DRM Technology To Be Added To MP3 Format
Bob Zer Fish writes "Cnet News.com has a leading story saying that the venerable MP3 music format is getting a makeover aimed at blocking unauthorized copying. Thomson and Fraunhofer, the companies that license and own the patents behind the MP3 digital music technology, are in the midst of creating a new digital rights management add-on. Of course, there are current standards, but most are incompatible."
An anonymous reader points to this brief mention as well.

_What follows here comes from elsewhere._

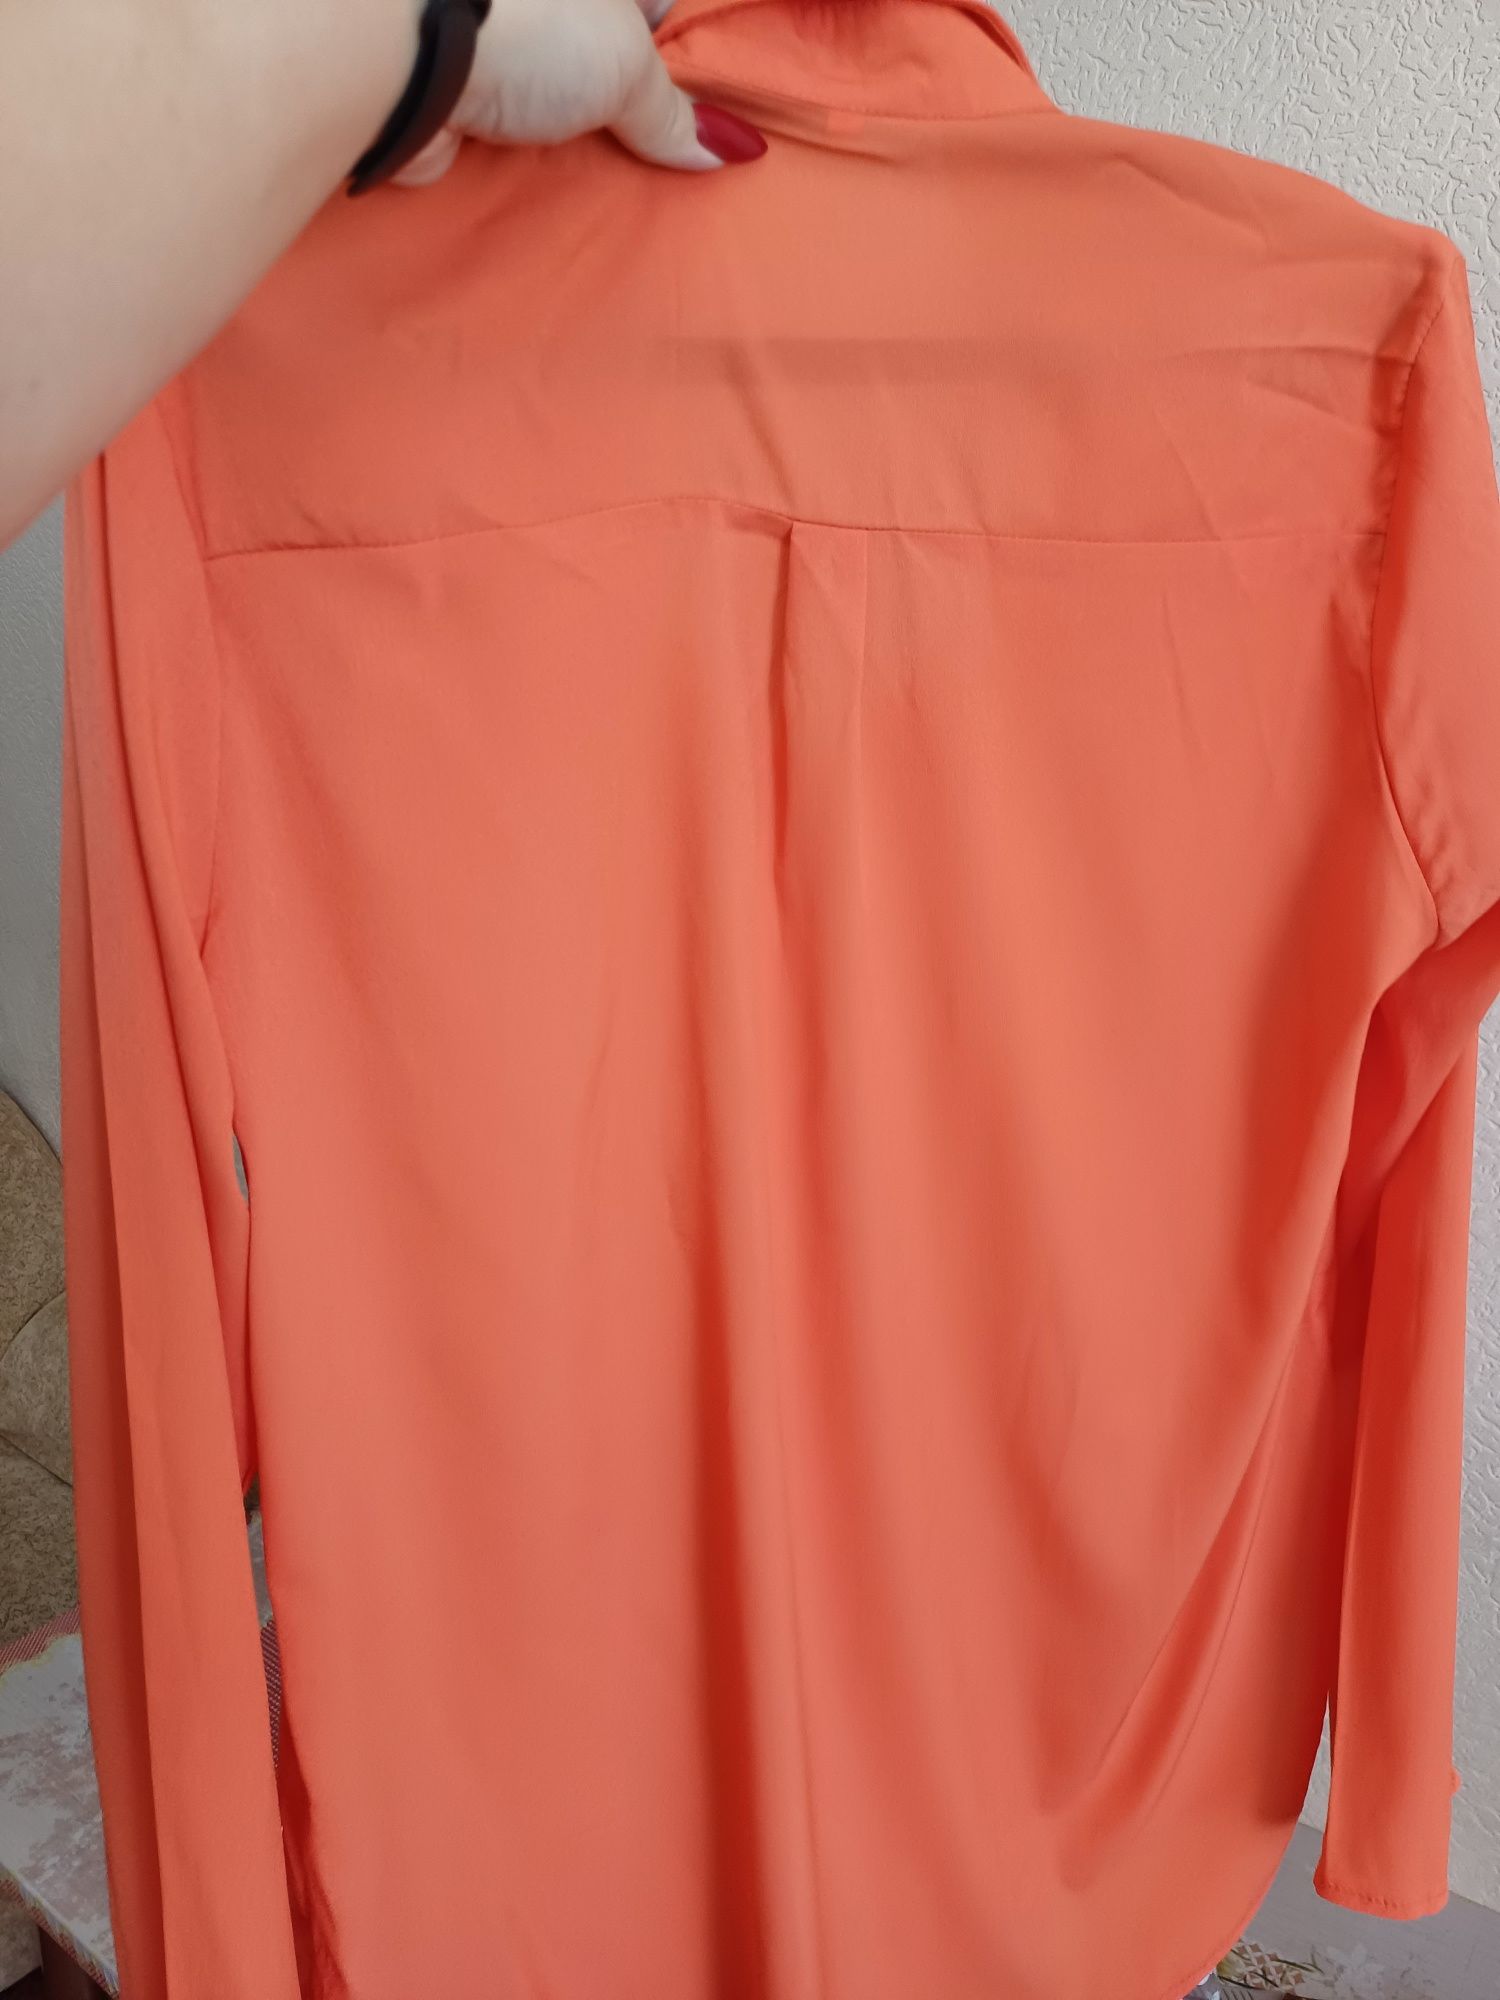 Жіноча блузка 52 розміру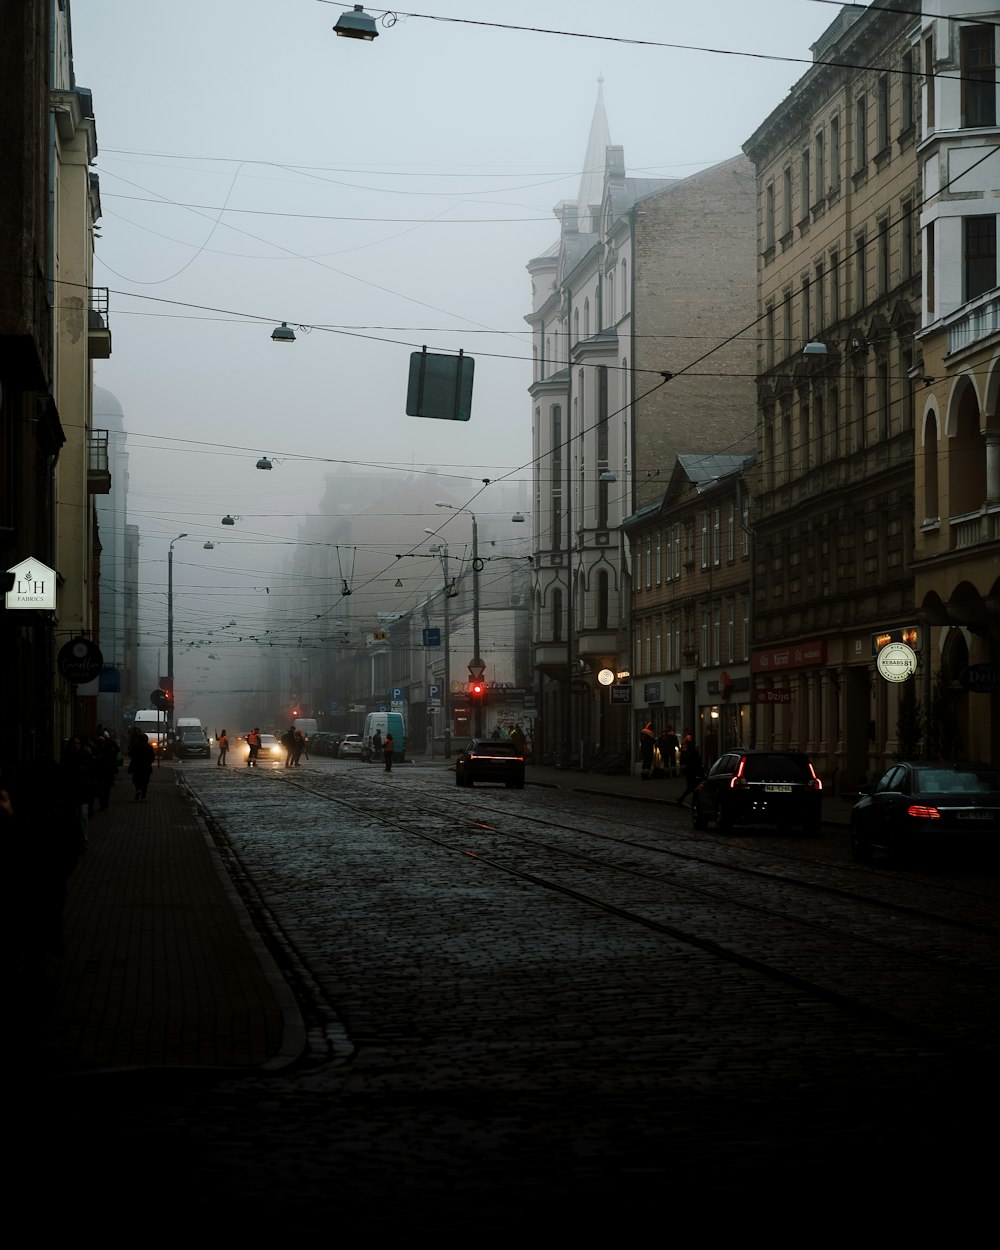 霧のかかった街の通りを車が走り抜ける

I say it's time to start saving the setup files to the existing MP3 players w/o the DRM crap attached.
- OohGodYeah!
Its also been rumored that Longhorn will try to incorporate some versions of Windows Media player that will only play DRM MP3's.
Exactly! Don't buy RIAA music. Download your shit online, use filesharing applications with bandwidth-limiting enabled so you are harder to detect. Change the default port numbers. Use obscure file sharing apps. Set up a node on freenet. Complain to your ISP and threaten to leave if they poo-poo P2P use. Teach others how to use file sharing properly. Avoid using file sharing at school, university, or work. Support BitTorrent by leaving your client running well after you're done downloading. Don't leave your filesharing apps unattended 24 hours a day. Keep your host free of viruses. Keep your music collections clean of tainted files or corrupt downloads.

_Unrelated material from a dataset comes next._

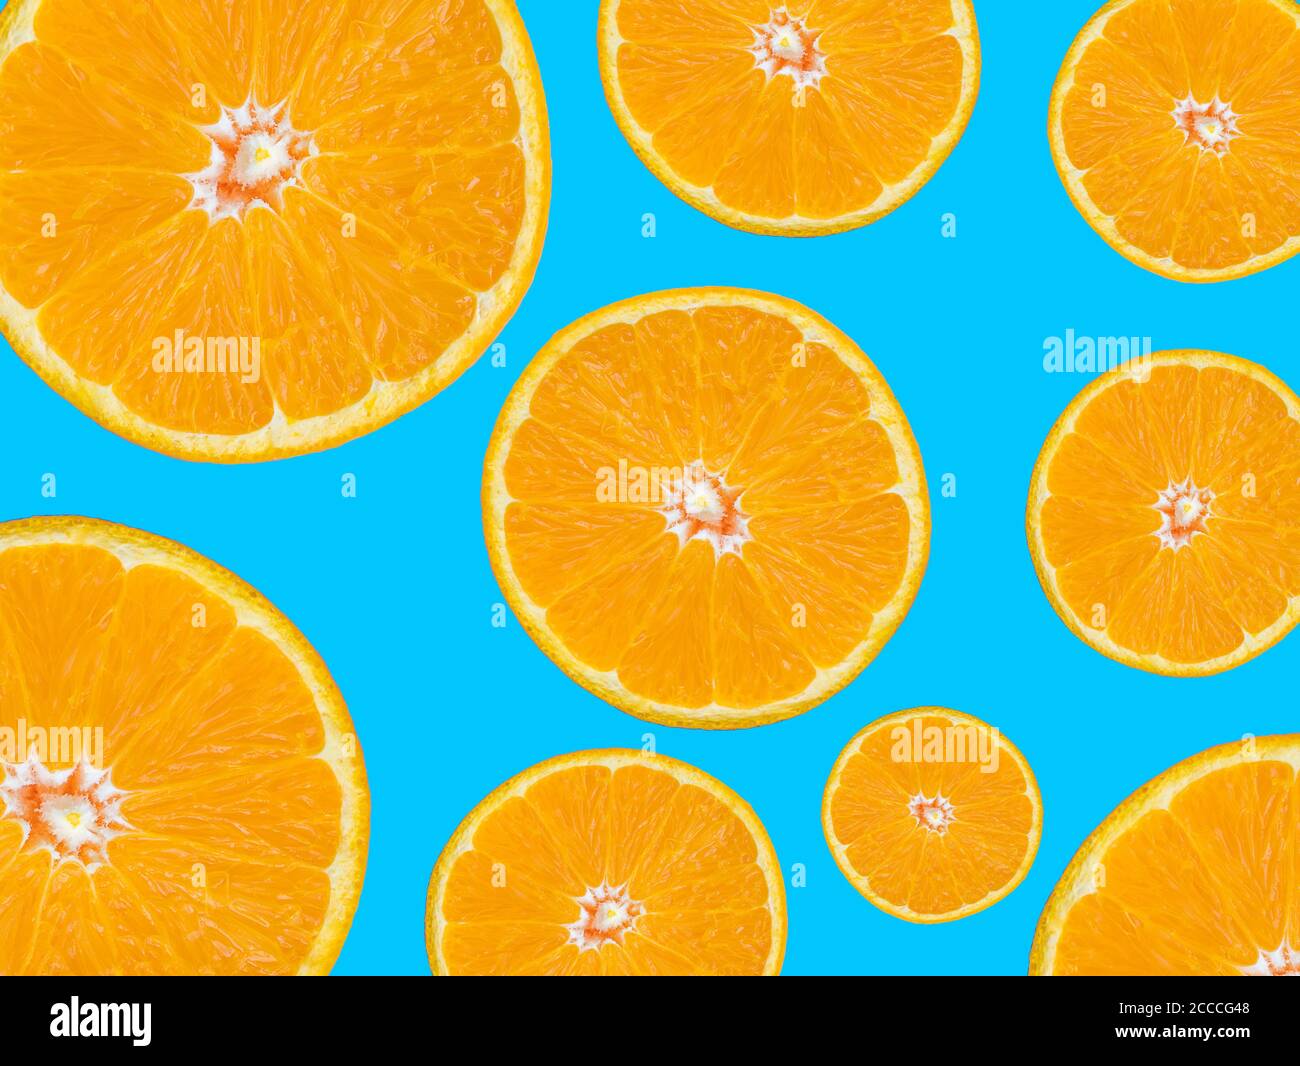 Motif de tranches orange sur fond bleu, style pop art Banque D'Images

We're slowly killing the big record labels... keep up the good work. I'm not being sarcastic, I really want to see these evil bastards go poor.
Unacompanied Sonata
(To avoid the inevetable off-topic moderation: this is a story about a young musical prodigy who is raised completely separated from any outside influences, so he can create "pure" music.)

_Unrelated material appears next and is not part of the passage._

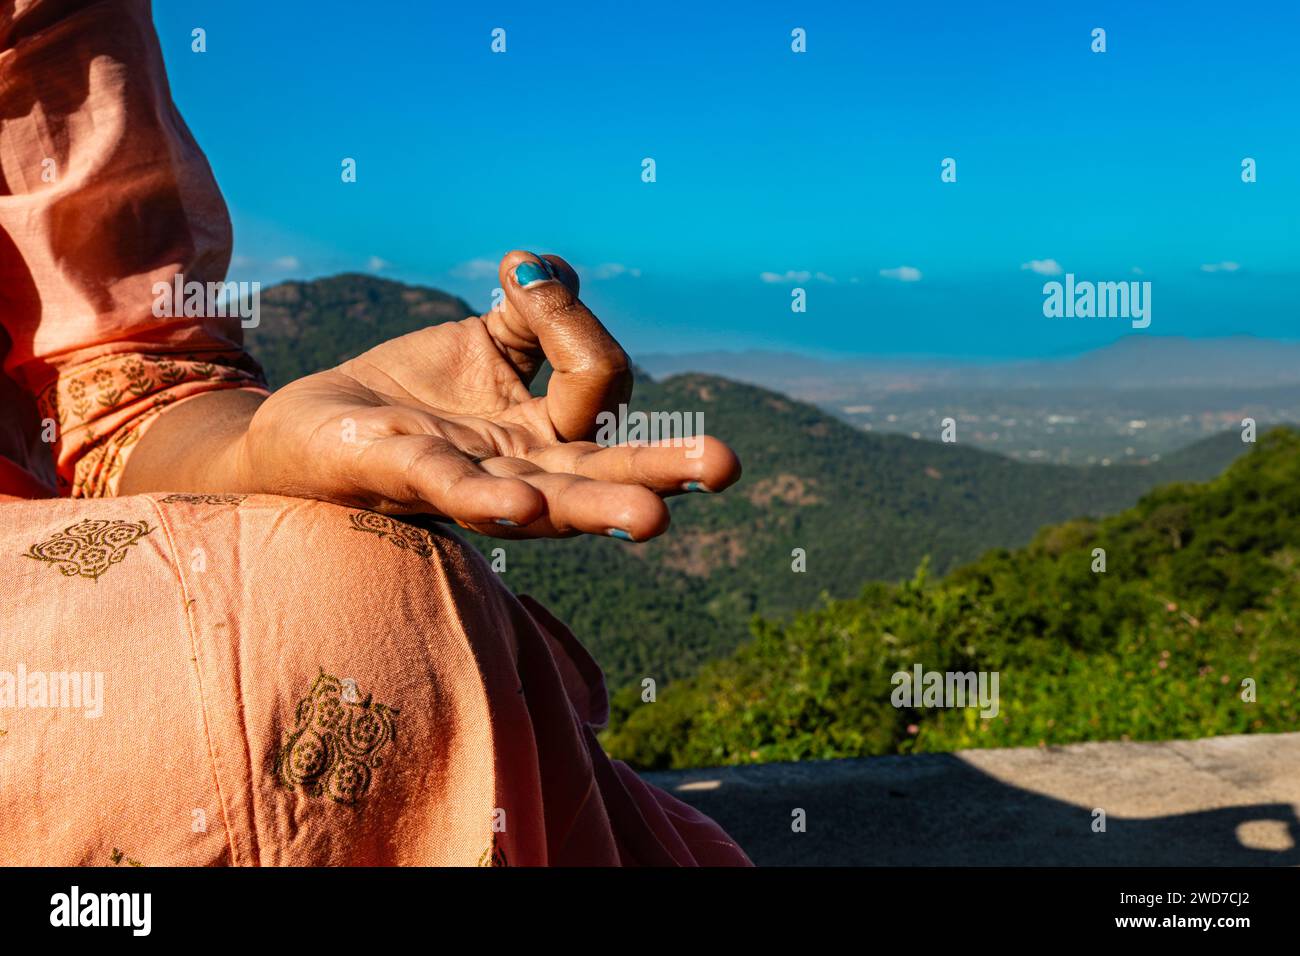 Eine Indianerin in traditioneller Kleidung findet Trost in Meditation auf einem majestätischen Berggipfel. Ihre Hände, anmutig in einer Mudra positioniert Stockfoto

"Great men are not always wise: neither do the aged understand judgement." Job 32:9
Is this supposed to mean that no one can create anything new anymore, because it has "all been done before" ?
I once read a Slashdot journal entry that concluded that the chance of copying something copyrighted was so great that the risk of having to spend the funds to defend oneself in court wasn't worth it. The legal standard for copying is "access" (has the defendant heard the plaintiff's work even once?) plus "substantial similarity" (are they similar?); once Their Experts have presented strong evidence that the songs are in fact similar, you'll probably bankrupt yourself before you can get Your Experts to prove that you'd never heard the song.
Oh here it is.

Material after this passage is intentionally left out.